We will now describe how CIFBAT computes QIs of the FBAT statistic. In the following explanation, subscript “c” denotes a complete trio or a statistic related to complete trios, subscript “m” denotes missing (incomplete) trio or a statistic related to incomplete trios, and subscript “r” denotes a random variable.
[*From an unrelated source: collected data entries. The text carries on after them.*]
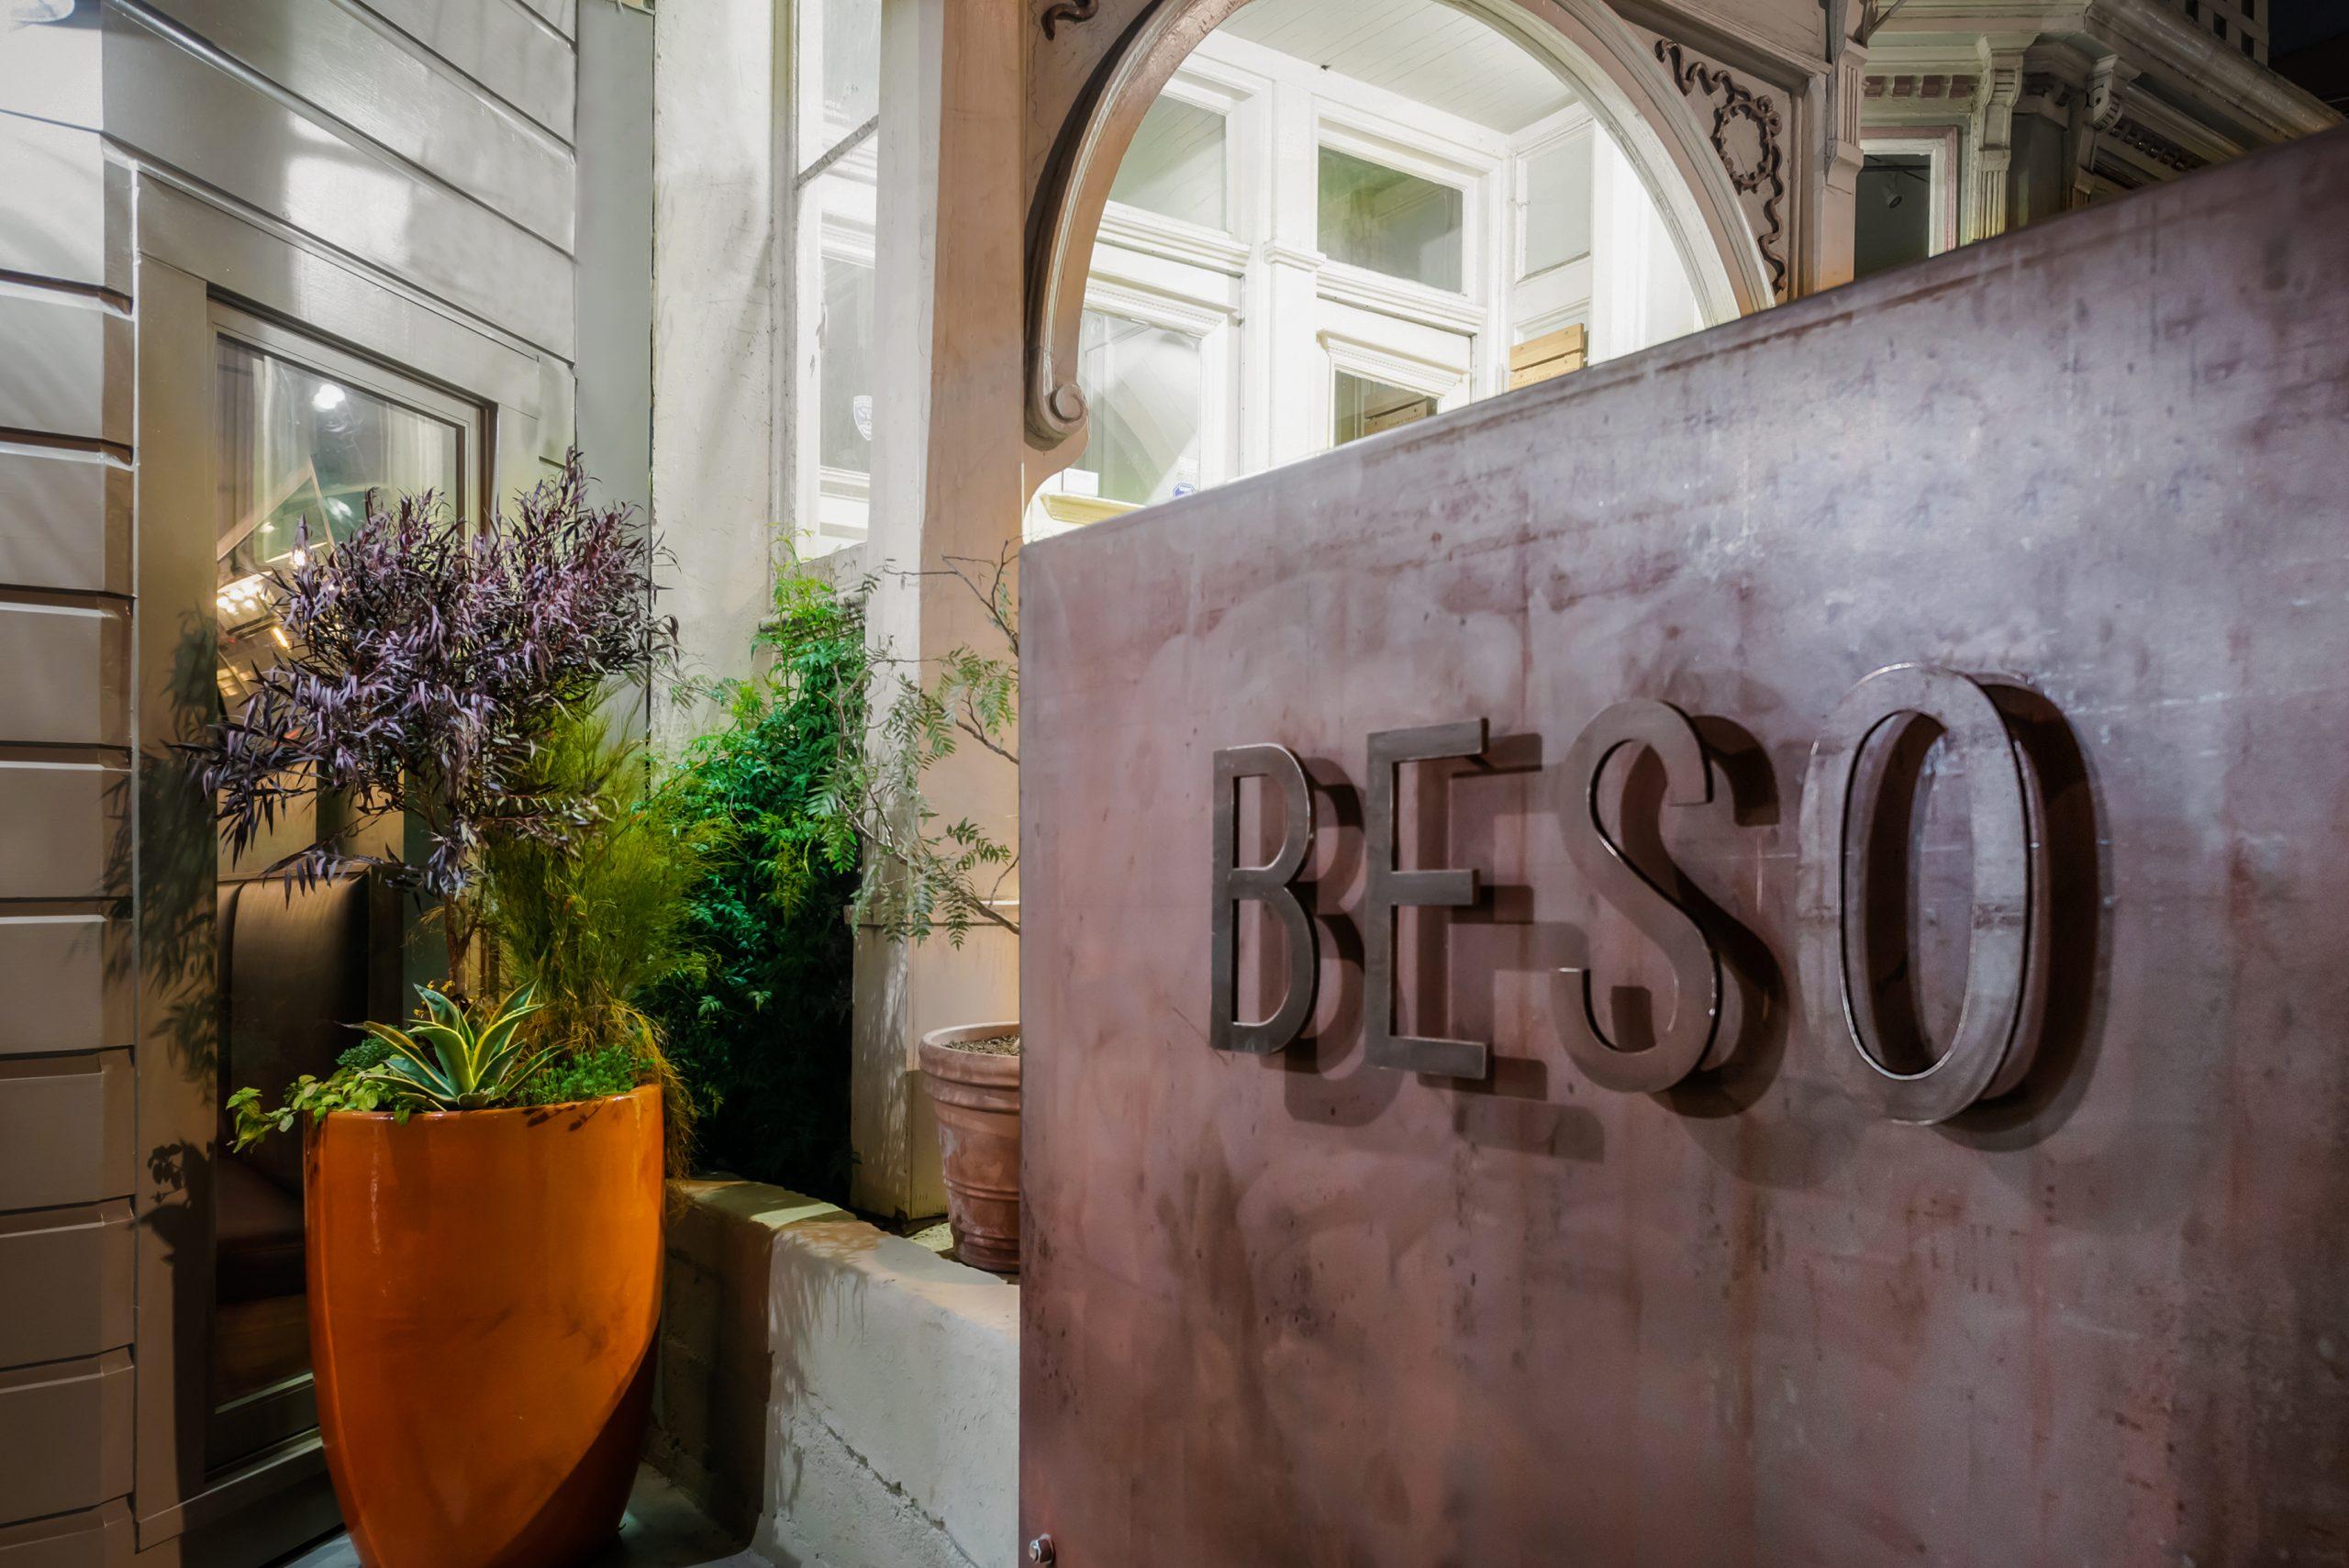 Beso-4058-19th-Street-San-Francisco-CA-Photo-1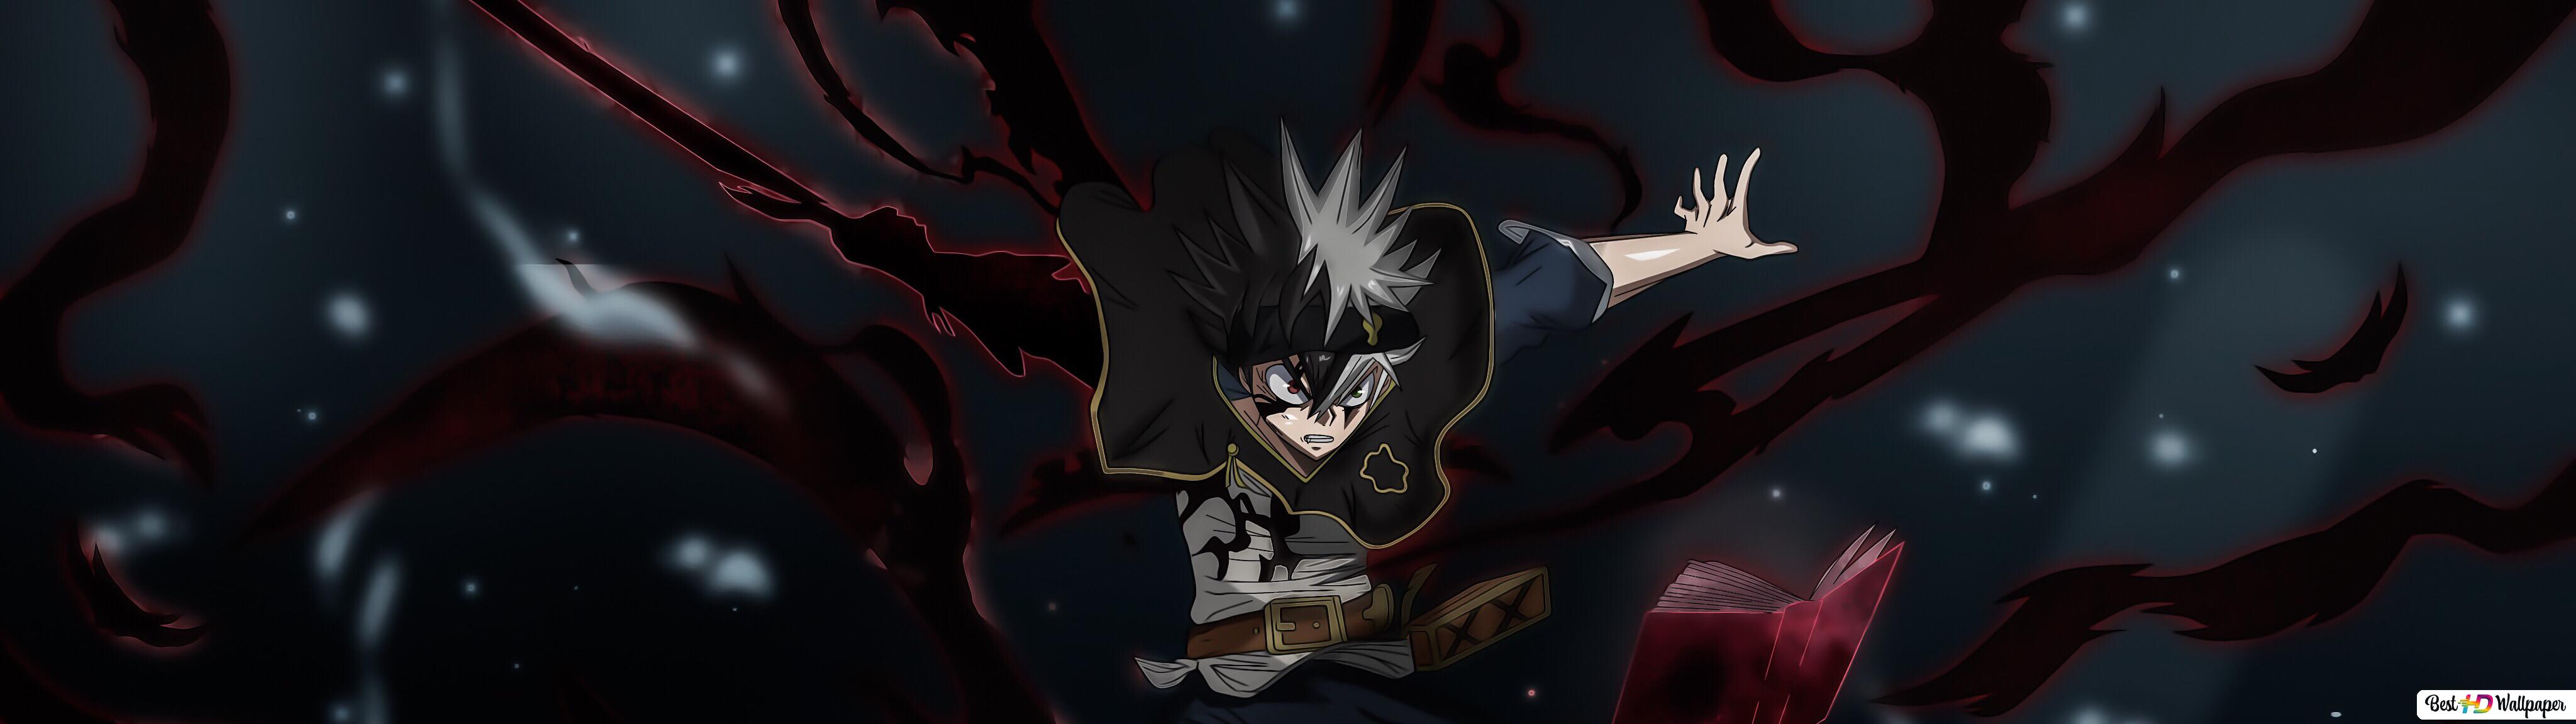 Black Clover - Asta HD wallpaper download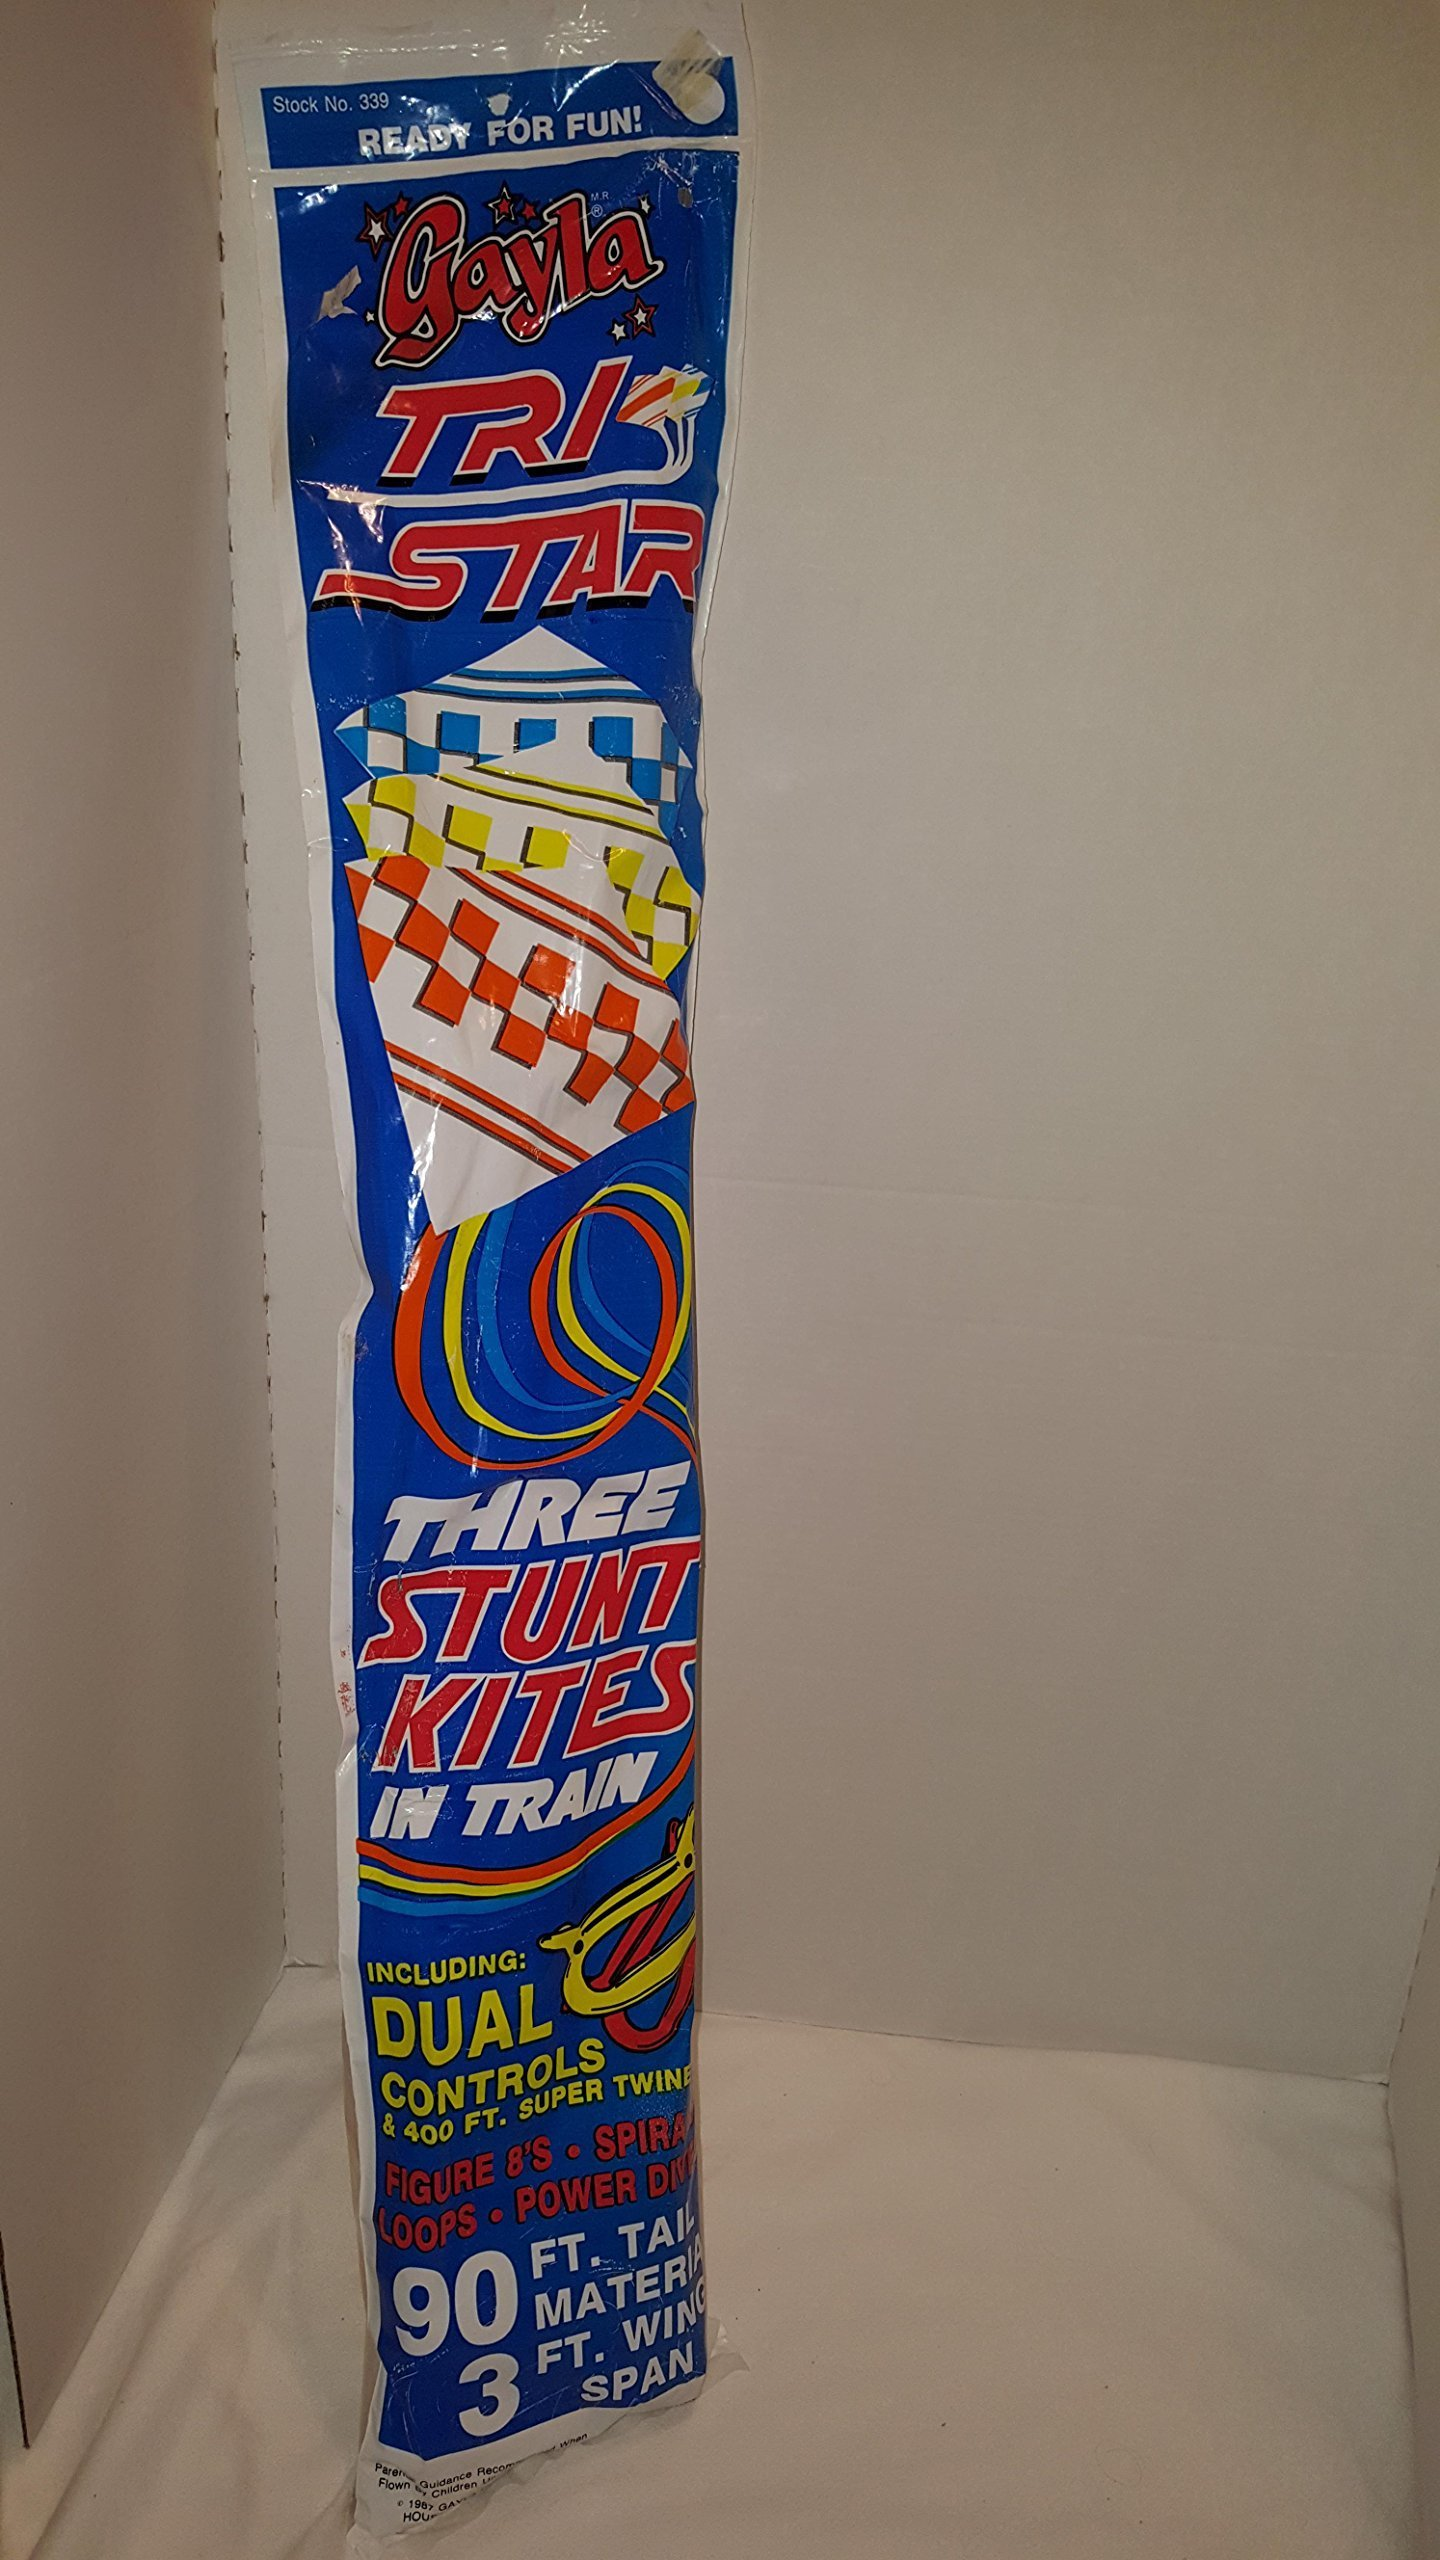 1987 Gayla Tri-star 3 Stunt Kites In Train by Unknown

Suppose for a genomic marker under evaluation, our data set consists of k complete trios and d incomplete trios. The total U_c and Variance(U_c) for all the complete trios are computed as:

\begin{array}{l} U_{c} = \sum_{k} T_{k} (X_{k} - E [X_{k}]) & (5) \end{array}

\begin{array}{l} V a r i a n c e (U_{c}) = \sum_{k} T_{k}^{2} * V a r i a n c e (X_{k}) & (6) \end{array}

Next, for each incomplete trio, CIFBAT chooses a completion assuming uniform distribution of all valid completions as listed in Tables S3–S5. Let X' denote the offspring's genotype for a randomly chosen completion. The total contribution of incomplete trios is a random variable U_mr computed as summation of contributions based on their random completions by CIFBAT:

\begin{array}{l} U_{m r} = \sum_{d} T_{d} (X_{d}^{^{'}} - E [X_{d}^{^{'}}]) & (7) \end{array}

\begin{array}{l} V a r i a n c e (U_{m r}) = \sum_{d} T_{d}^{2} * V a r i a n c e (X_{d}^{^{'}}) & (8) \end{array}

For a single iteration of random completion of all incomplete trios, the corresponding total U statistic and the variance are computed as the sum of the statistics from complete and incomplete trios.

\begin{array}{l} U_{t o t a l, r} = U_{c} + U_{m r} & (9) \end{array}

\begin{array}{l} V a r i a n c e (U_{t o t a l, r}) = V a r i a n c e (U_{c}) + V a r i a n c e (U_{m r}) & (10) \end{array}

The corresponding Z statistic is computed as:

\begin{array}{l} Z_{r} = U_{t o t a l, r} ∕ \sqrt{V a r i a n c e (U_{t o t a l, r})} & (11) \end{array}

For each genomic marker, CIFBAT executes a pre-defined number (1000 by default) of iterations of computing U_mr and the corresponding Z_r, each time with a randomly selected set of completions for all incomplete trios. QIs of Z_r (α/2 and 100- α/2) and the corresponding p-values are then computed for a pre-defined confidence level (α = 0.05 by default).

Simulation of Family Genotype Data

In order to explore the statistical response of CIFBAT under various scenarios of missing data, we simulated family genotype data under no association and a genetic model of disease explained in detail in Data Sheet 1. The following three standard scenarios of missing data, as defined in the statistics literature, were simulated.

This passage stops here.